Действительно, довольно часто нормандцы упрекали Реми в том, что он не из этих краев. Молодой человек был уроженцем Парижа. Его отец, инженер, был направлен в Руан на строительство железной дороги, протянувшейся до Гавра. Он погиб при несчастном случае в туннеле, когда Реми был еще ребенком. Его мать так и осталась жить в Руане.
— Во всяком случае, этот доктор Ларивьер, кажется, не слишком высокого мнения о своем коллеге Каниве.
— Все эти врачи ненавидят друг друга. И позвать двоих одного ряда значит нарваться на провокацию.
— Но два мнения всегда лучше одного.
— Да, только если они не противоречат друг другу. К счастью, смерть пациентки примирила их обоих.
Реми выходил из кабинета, когда вдруг его осенило.
— Ионвиль-лʼАббэи! Не тот ли это городок в стороне от дороги между Руаном и Бове, через который мы проезжали, когда вместе с вами направлялись в замок Вобьесар к маркизу дʼАндервилье — из-за той истории с кражей драгоценностей на балу?
— Ну да, сынок! — воскликнул комиссар. — Как раз в тот день ты увидел, что даже богачи способны на кражу. — Делевуа называл его «сынок», когда бывал в особенно хорошем расположении духа.
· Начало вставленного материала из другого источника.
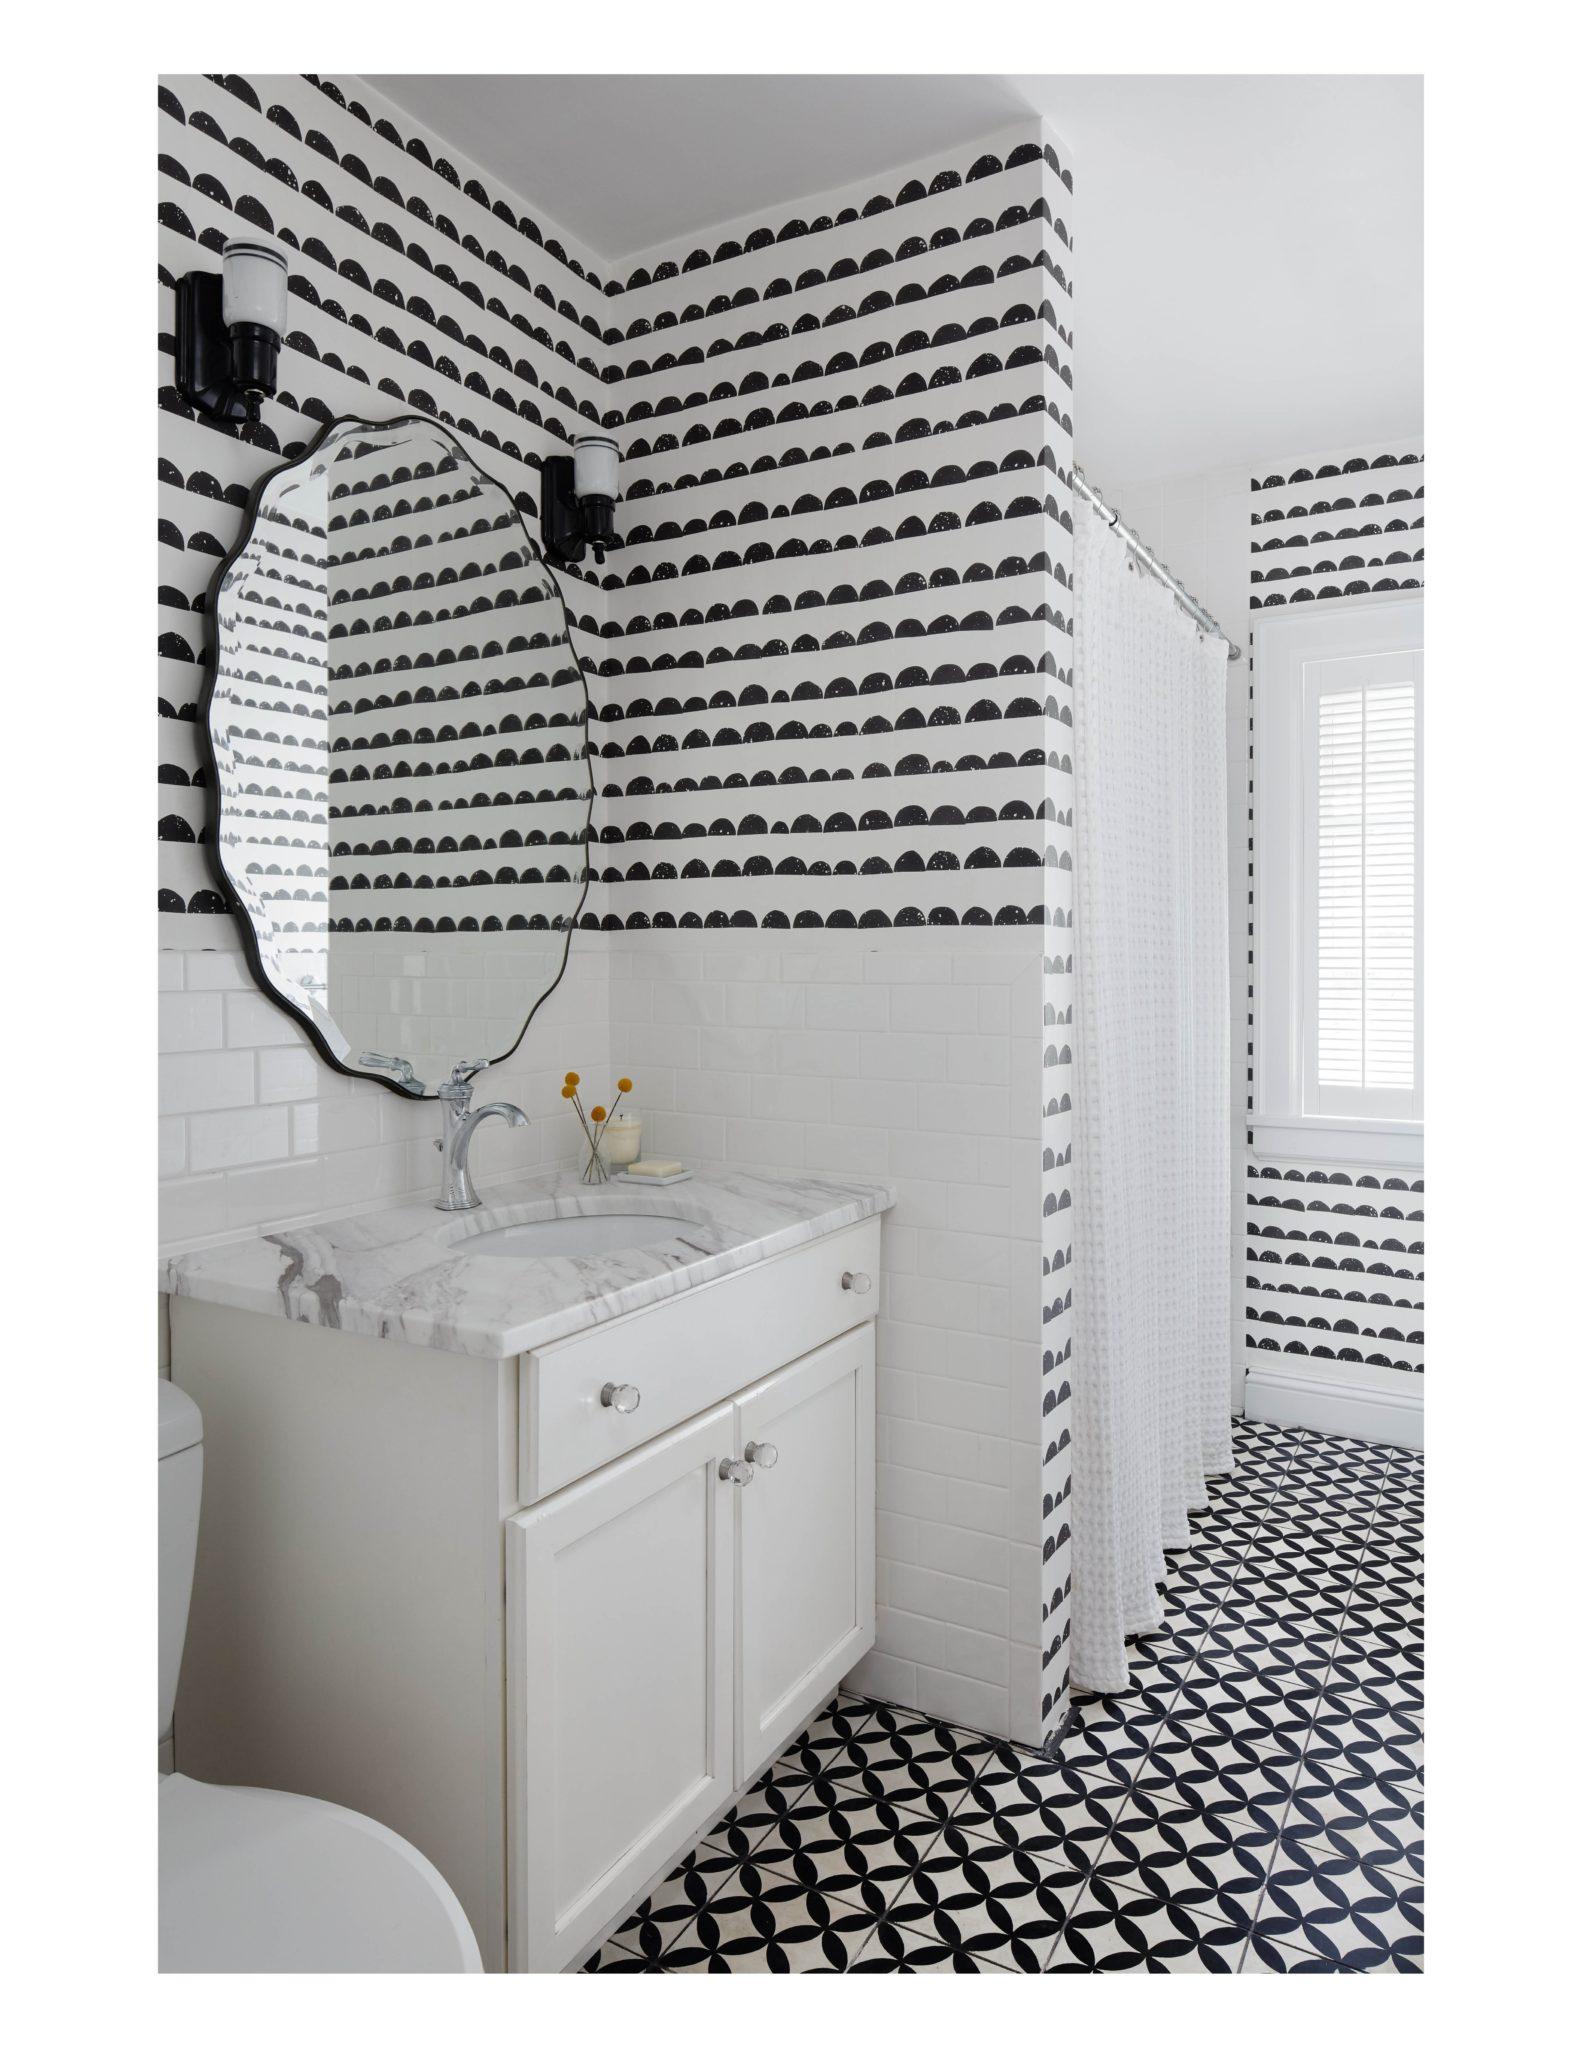 Wilmette black and white kids' bedroom by Jen Talbot Design

На Реми нахлынули воспоминания. Прошлым летом они с комиссаром проезжали в полицейском кабриолете через этот довольно большой, но совершенно безликий городишко. Они там даже не остановились и никого не встретили по дороге. В его памяти Ионвиль отложился как один из нечетких из-за недостаточной выдержки дагерротипов. Там была единственная прямая улица, окруженная низкими домами, церковь с островерхой колокольней, увенчанной жестяным флажком, крытый рынок, стоящий на массивных деревянных столбах, постоялый двор, заставленный двуколками и возами с сеном; и еще, как символы значительности, золоченая вывеска нотариуса и разноцветные стеклянные колбы аптекаря.